Our DNAzyme strategy is also being used to develop diagnostic sensors for disease detection. We created a DNAzyme-based COVID-19 test that identified with 100 percent accuracy the specific genetic mutations associated with the alpha, gamma, delta, epsilon and omicron SARS-CoV-2 variants in a sample of 34 patients. There’s the potential to expand it to other respiratory tract infections that share symptoms with COVID-19, like influenza.
“When you want to make a drug out of DNA or RNA, you ask two fundamental questions: How do I get it to work, and how do I get it to last inside a cell so that it will work the way it’s supposed to?”
XNA also holds tremendous promise in a vastly different area: archival data storage. How does that work?
Humanity is generating data at an exponential rate that outpaces our capacity for storing that information. Researchers have developed algorithms that break down the binary ones and zeroes used in computing code and convert them into the four-letter nucleotide code of DNA: A, T, C and G. You can use this encoding to transcribe anything to a strand of DNA: a movie, a book, a picture. You might be able to store the Library of Congress in DNA with enough advances.

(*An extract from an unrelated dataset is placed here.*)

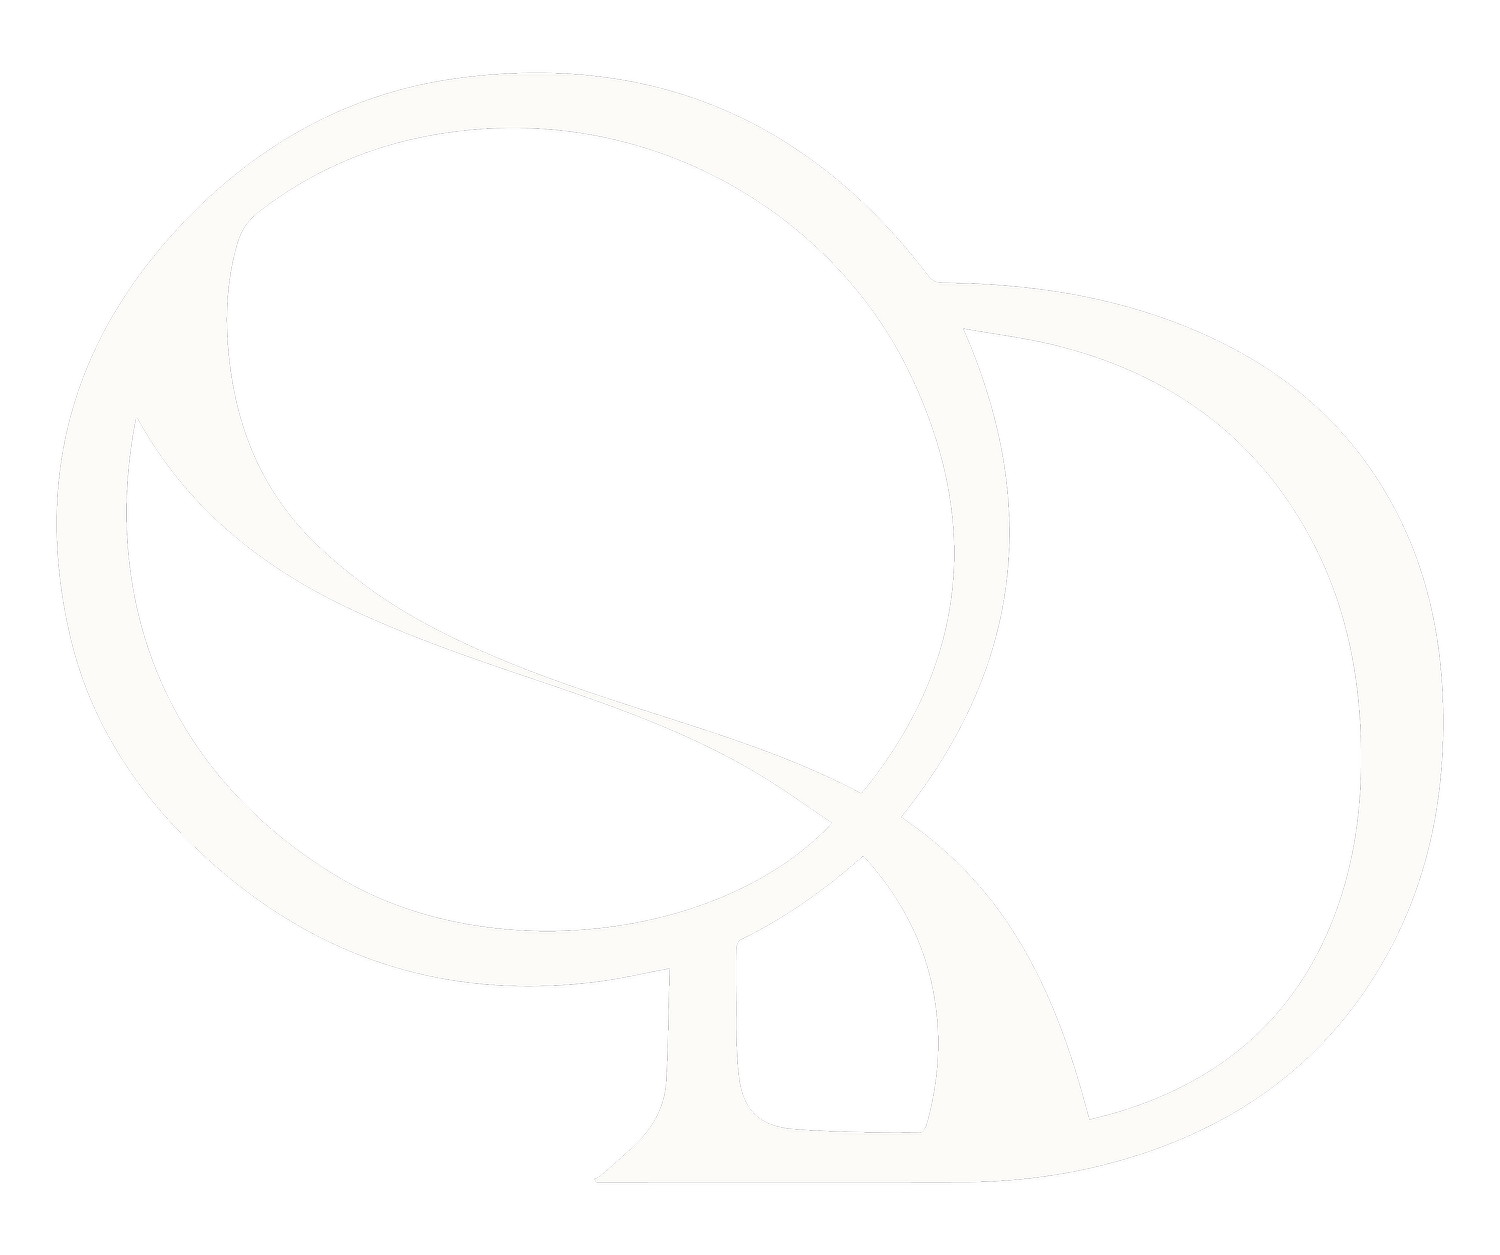 Quiddity Design Co
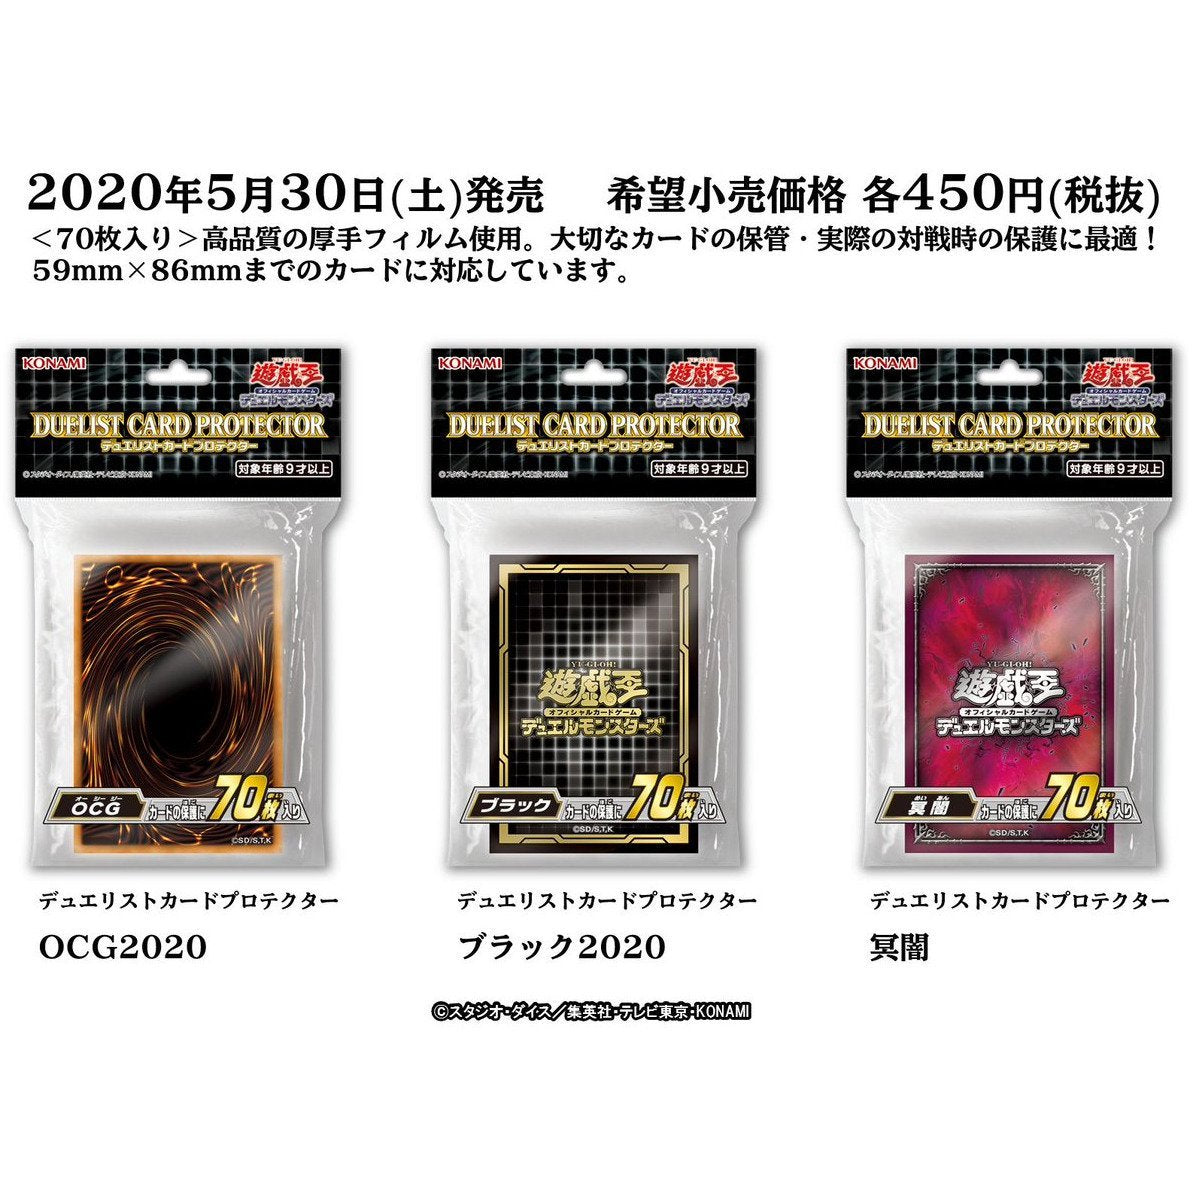 Yu-Gi-Oh! OCG Duelist Card Protector "OCG 2020"-Konami-Ace Cards & Collectibles

The challenge is: What happens if an enzyme gets in the DNA and degrades it? Suddenly, poof, there goes the Library of Congress. As we know from our research, the XNA we’re working with, TNA, is totally invisible to those enzymes that degrade DNA, and TNA also comprises A, T, C and G. We tested this mechanism by transcribing the Declaration of Independence and the UCI seal to a solution of TNA. The TNA-encoded information was 100 percent intact and 100 percent recoverable. We showed that TNA could be a biologically safe, low-energy medium for storing information. Data storage is not the main focus of what we do, but it has been a fun side project.